Unfortunately, the so-called mainstream media and intellectual discussion of democracy in Hong Kong has intentionally or unintentionally denied the historical reality of the evolution of democracy. There is pervasive repression of the historicity of democracy even in university programs and school teaching. Politicalization is undertaken actively in many quarters of Hong Kong led by the mainstream media and political discussion and facilitated by the partisan stance of many teachers to impose a false understanding of democracy on local society, especially among the young and inadequately educated.

Attempts at political conformity are being made through online violence, which aggressively silences alternatives, and by regular demonstrations and protests in a constant mobilization of support through media broadcasting. Conformity to the immutability of their twisted concept of democracy is induced through repetition, with people lulled into a sense of hypnosis by its repeated rhythms of reiteration in the media. The media is no longer neutral at least because of the lengthy coverage of demonstrations, protests and the reiteration of the magic touch of "one person, one vote" in many of its talk shows, columns and news analyses to present a one-sided discourse.

Democratic discourse closed

The discourse on democracy for Hong Kong is actually closed. The media coverage allows no elaboration, interaction, reflexive thinking and meaningful discussion that draws on historical experiences and political imagination. It forms a kind of social closure that blocks any political innovation and alternatives and any conscious return to the reality of Hong Kong society, which is alive and evolving in many milieus beyond and including the political field and is also plagued by many problems that are urgently in need of remedy and resolution.

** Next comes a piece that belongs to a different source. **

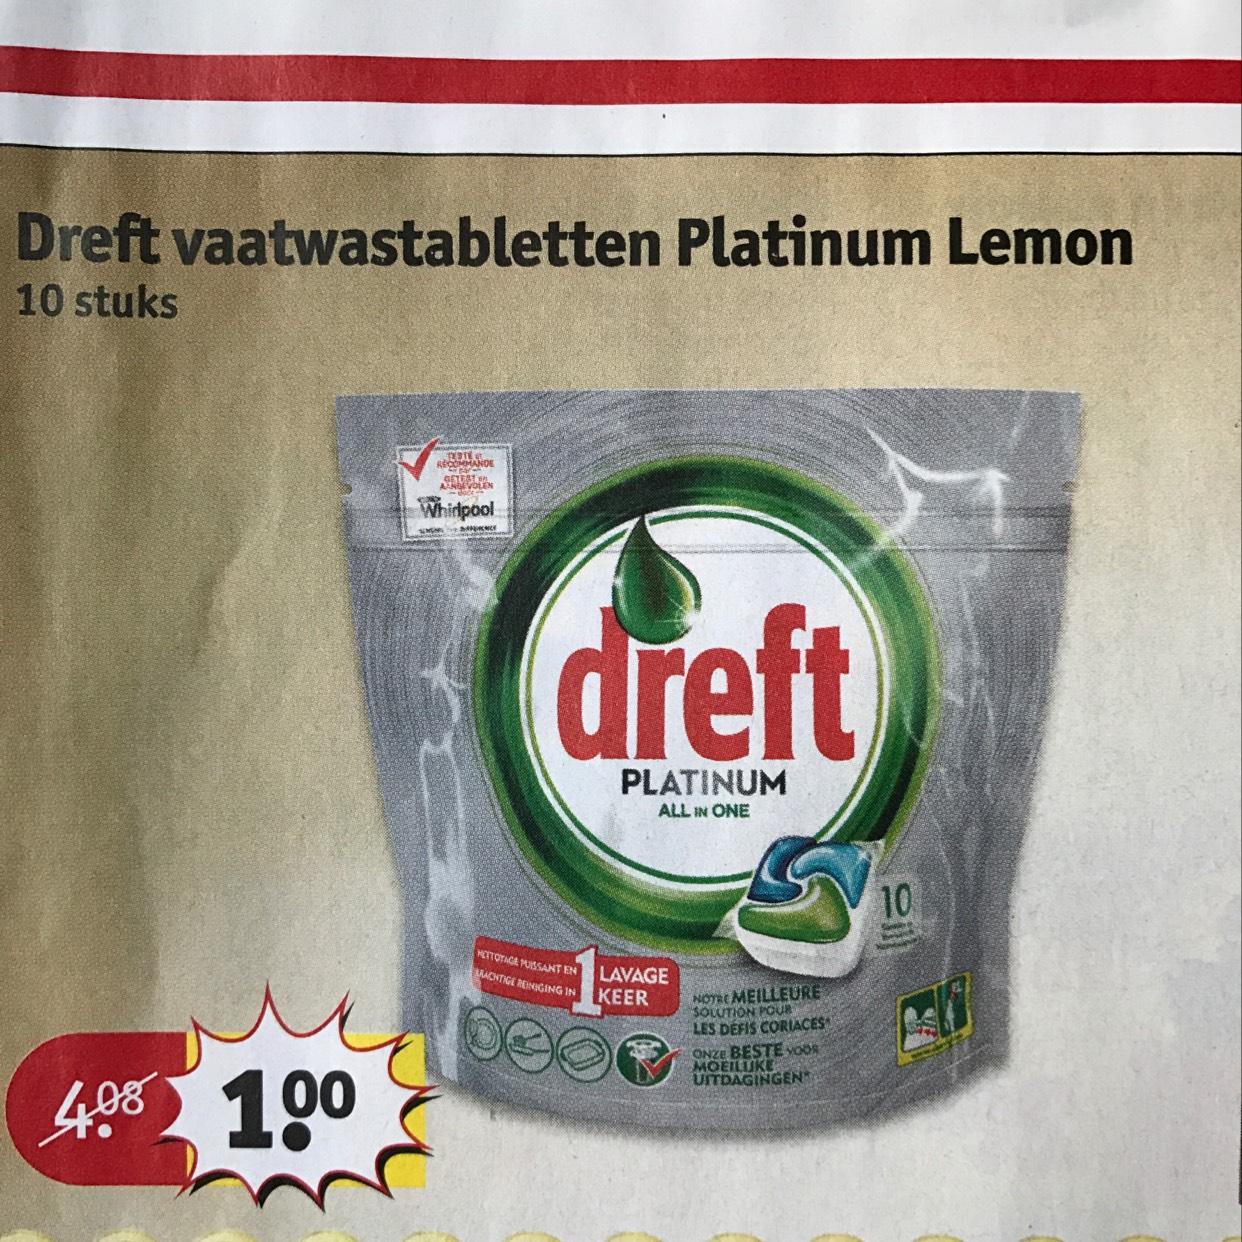 Dreft vaatwastabletten Platinum Lemon 10 stuks voor €1 @ Kruidvat

The current politicalization of almost every discourse on policy and even social issues in Hong Kong is a disguised struggle for political power and regime transformation. As a form of mobilization, for the organizational and financial resources it involves and the political motivation and values it represents, it cannot come naturally but must be engineered. The popular elections of the CE and LegCo scheduled respectively in 2017 and 2020 will be the battlefield for ever intensifying politicalization buildup in the intervening years. Now is only the beginning.

The author is the head of the China Business Center at Hong Kong Polytechnic University.